If you have a related question, please click the "Ask a related question" button in the top right corner. The newly created question will be automatically linked to this question.

# ADS1262: Use of a reference signal as an external reference

This is an application for a scientific instrument.  I have two signals of interest, a sample signal (S) and a reference signal (R) measured simultaneously on the same instrument.  My desired output is S/R.  Aside from noise, S and R are both positive and R>=S, so my output scales from 0 to 1.  Rather than measure the two signals separately, I would like to measure only S while using R as an external reference voltage for the ADS1262.  Will this work, and if so, do I need any special signal conditioning?

My device will attach to sensors with a standard output of 2V.  I plan to set FSR to 2.5 and would like to bias the voltage using AINCOM = 0.25V to allow room for noise below 0V and above 2V.  Can I do this rather than setting AINCOM to midrange?

Because S and R are often identical, using the PGA will usually put the output voltage above FSR. However there may be portions of the signal where S/R is small and use of the PGA would be useful in reducing noise,  Worst case would be PGA =32, resulting in a 64V input for S/R = 1.0.  Could this damage the ADS1262?

• Hi Patrick,

In principle, the configuration you are describing is commonly-used in a variety of applications. Just make sure to respect the absolute and differential input voltage range limitations on both the VREF and PGA inputs.
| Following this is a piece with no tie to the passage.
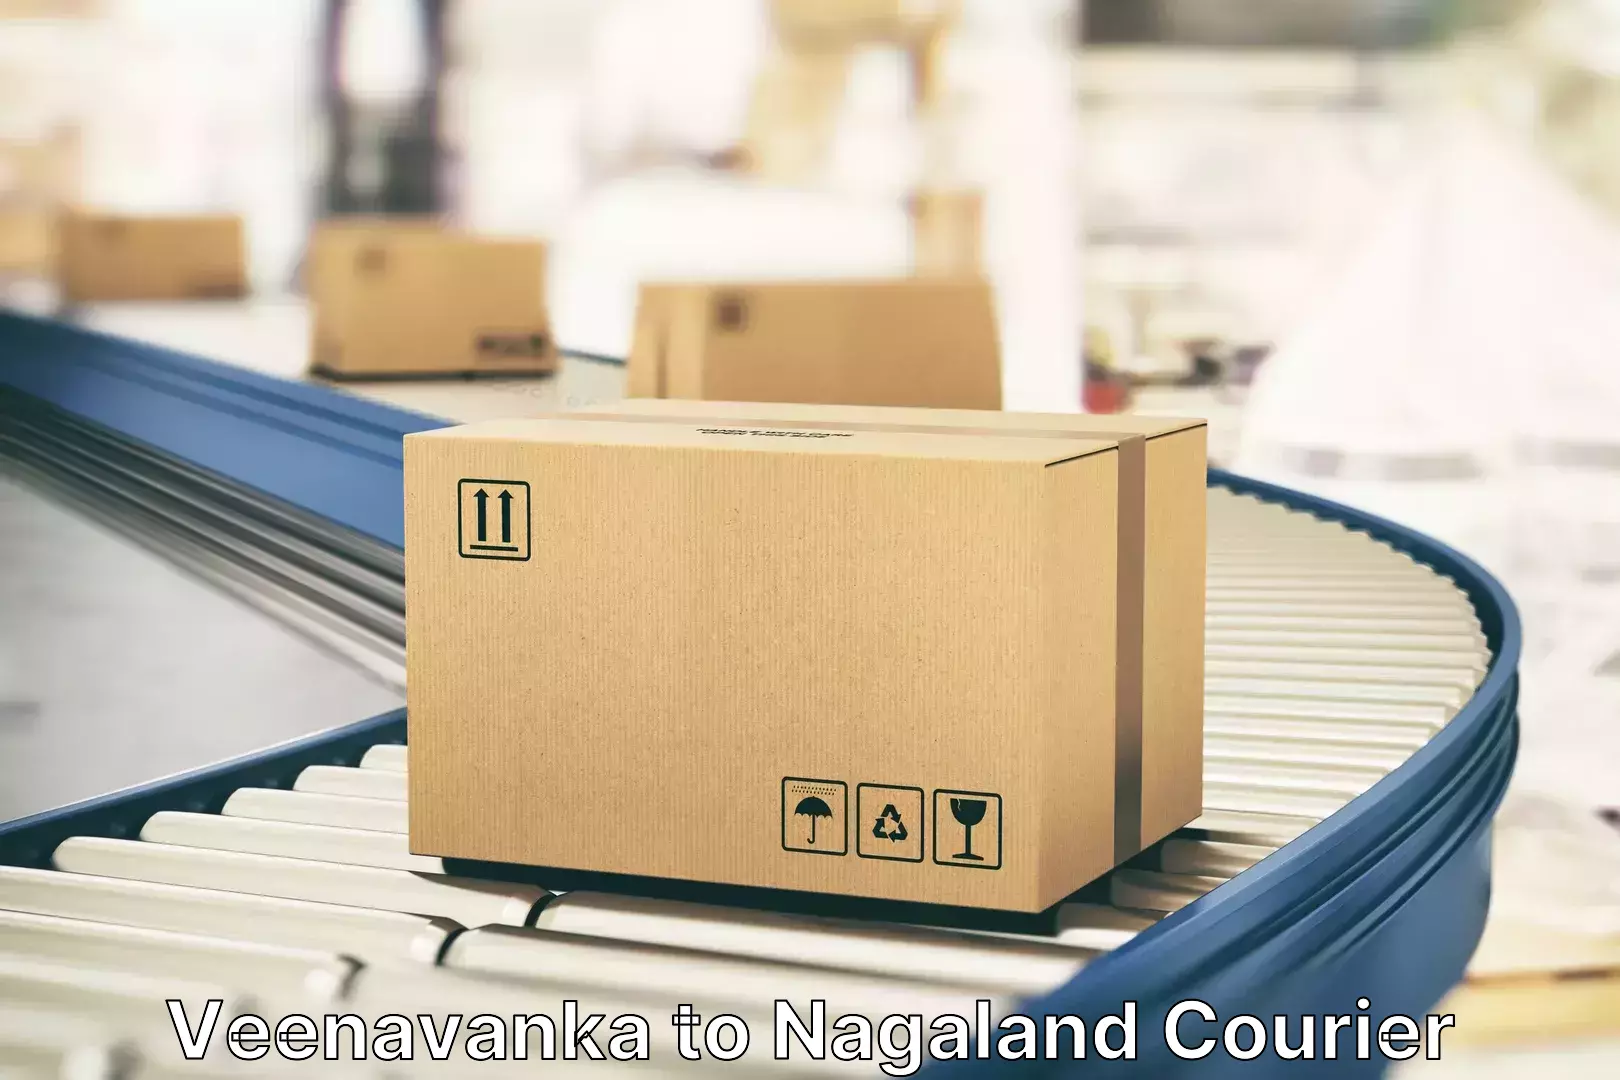 Door-to-door baggage service Veenavanka to Nagaland

I am not sure I follow what you want to do in the second paragraph. Is the 2V sensor output referenced to ground? And you want VREF = 2.5V, where you are measuring the sensor signal against AINCOM = 0.25V? If so, when the input signal is 0V, you will measure a differential voltage of -0.25V. When the sensor signal is 2V, you will measure a differential voltage of 1.75 V. Also note that the ADS1261 cannot measure ground-reference input signals with the PGA enabled. See Equation 12 in the ADC datasheet for more information.

The PGA output voltage will be clamped by the supply rails. So as long as the input to the ADC pins is within the recommended operating conditions, the PGA will be okay even if you select a larger gain. However, it may take some time for the PGA to recover from an overload condition. This is not specified in the datasheet, and is just a general observation. The ADS1262 monitors can identify when the PGA output voltage has dropped below the given threshold. Refer to Section 9.3.7 in the ADC datasheet for more information.

-Bryan

• Thanks Bryan.  Sorry for the confusion in paragraph 2.  What I want to do is map my 0-2V input signals for S and R to 0,25-2,25 on an FSR of 2,5 so that I don't hit the negative rail with negative noise.  If I do that, can I still ratio the two signals before they are biased?  Does the ratio of signal to the reference voltage precede the application of the bias?

• Both S and R are differential inputs,

• Hi Patrick,

I am a bit unclear on the terminology you are using. A 0-2V input signal is single-ended, assuming the sensor ground (0V) is the same as the ADC i.e. a unipolar supply. If the signal is single-ended, the ADS1262 PGA must be bypassed in order to operate properly, as you cannot input a 0V signal into the ADC with the PGA enabled (again, refer to Equation 12).

However, you also mention that your signal (S) is differential, which conflicts with the first statement.

It seems like you need a bias signal to shift the output of the sensor so it matches the ADC input voltage. You suggested using AINCOM = 0.25V, though this would not shift the signal enough. I drew up a quick block diagram showing how you might configure the bias voltage, your sensor, and the ADC inputs given what I believe is going on with your system. In the system below, a 0V sensor output puts 1.5V at both AINP and AINN. A 2V sensor output has AINP = 3.5V and AINN = 1.5V, which puts the input common-mode signal (2.5V) at the ADC mid-supply voltage (also 2.5V, assuming AVDD = 5V). This is the ideal situation.